With that said, it may not be all bad that you do have runoff into the pond, if it is done in moderation, and if you use something more than a real high nitrogen fertilizer (the first number). High nitrogen is what provides the green, fast growing grass, but it will also cause algae growth in your pond. It is also what runs off the most because it is generally slower to get absorbed.

Your pond will get a good bloom from phosphorus (the middle number in fertilizer). This time of year, a good bloom can be good for the young fish. But, phosphorus also causes filamentous algae.

The third number, potash, is for root growth.

Unfortunately for Bermuda grass, the recommended fertilizers are usually something like 20-0-15. Regular lawn fertilizers are more like 40-5-2.

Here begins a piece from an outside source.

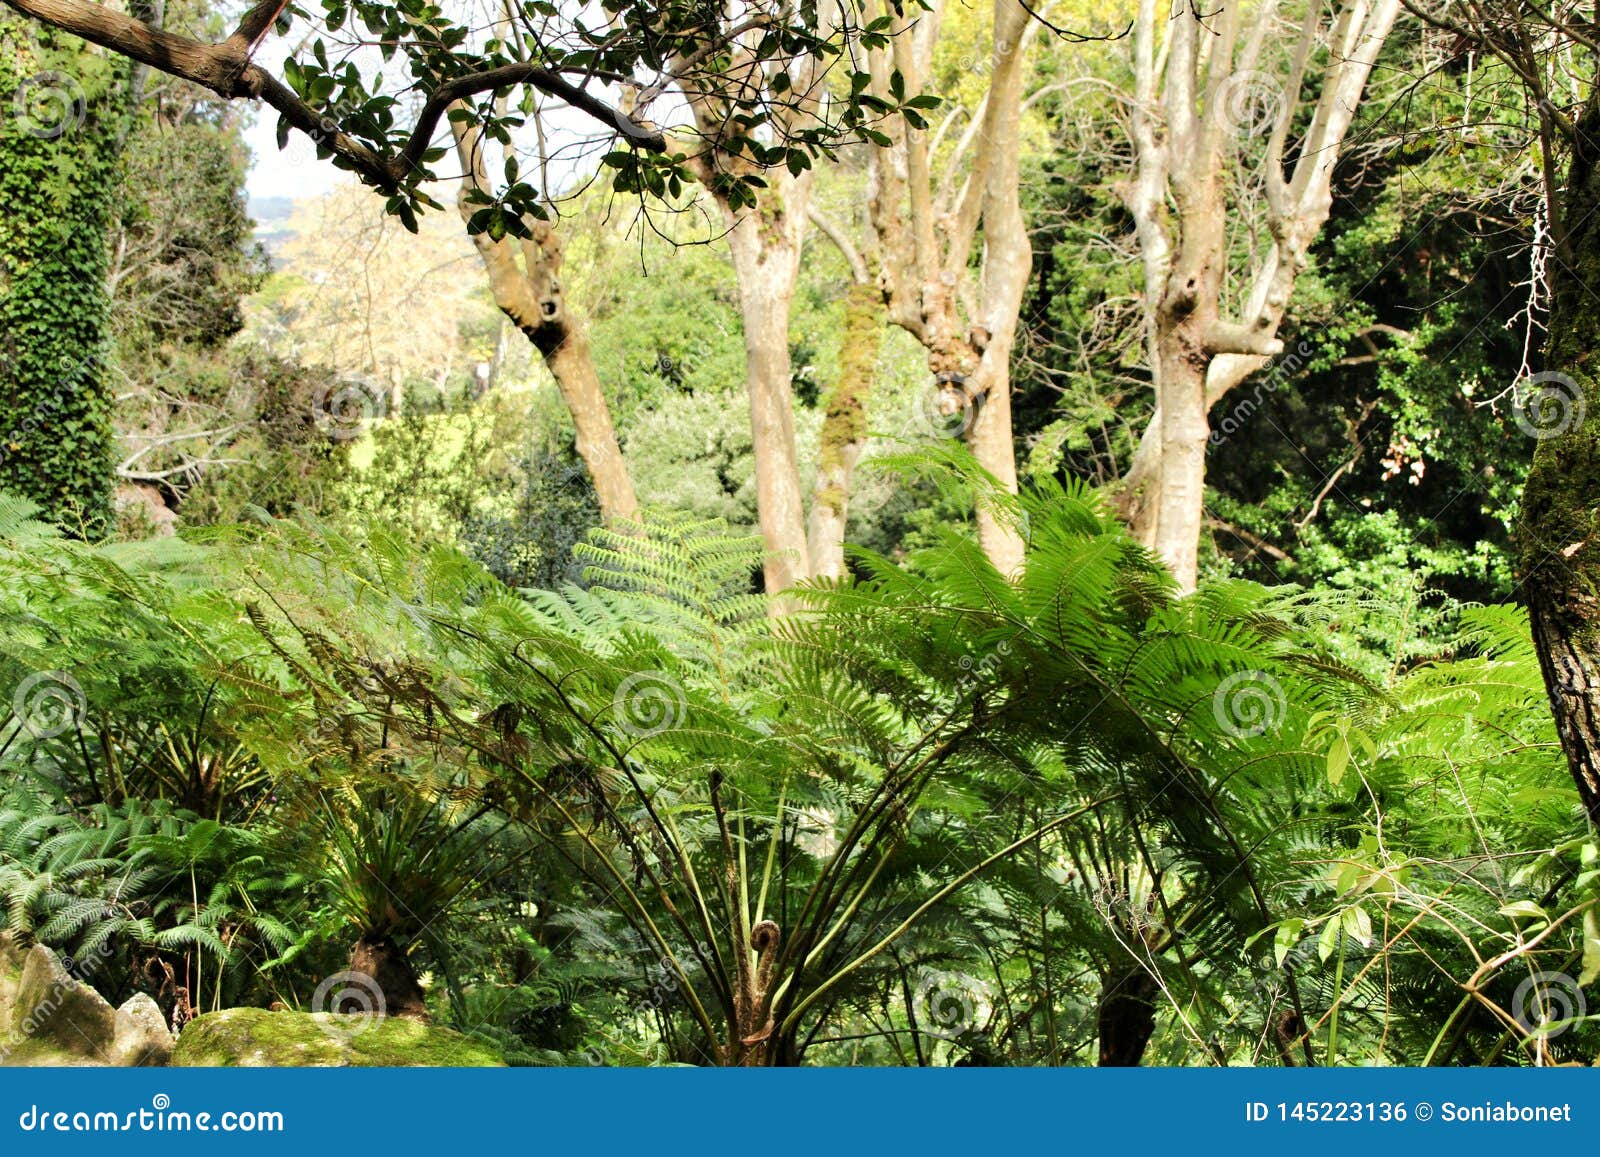 leafy and green garden with big ferns in sintra

Do a soil test. See what you might be lacking. Then look for a more balanced fertilizer, without real high nitrogen. Make sure you pond gets some of the phosphous. It will do two things, it will give you the bloom you want, but that will also limit the water clarity. Limiting the clarity will cut down sunlight penetration, which should help keep the potential algae down.

Thing about liquid fertilizer. Liquid fertilizers are more difficult to apply, but they will be at much lower concentrations, and should have a lot less runoff as they soak into the ground. They will also have to be applied more often.

And, as said above -- avoid the weed killers anywhere near the pond.

Hopefully, this didn't confuse too much.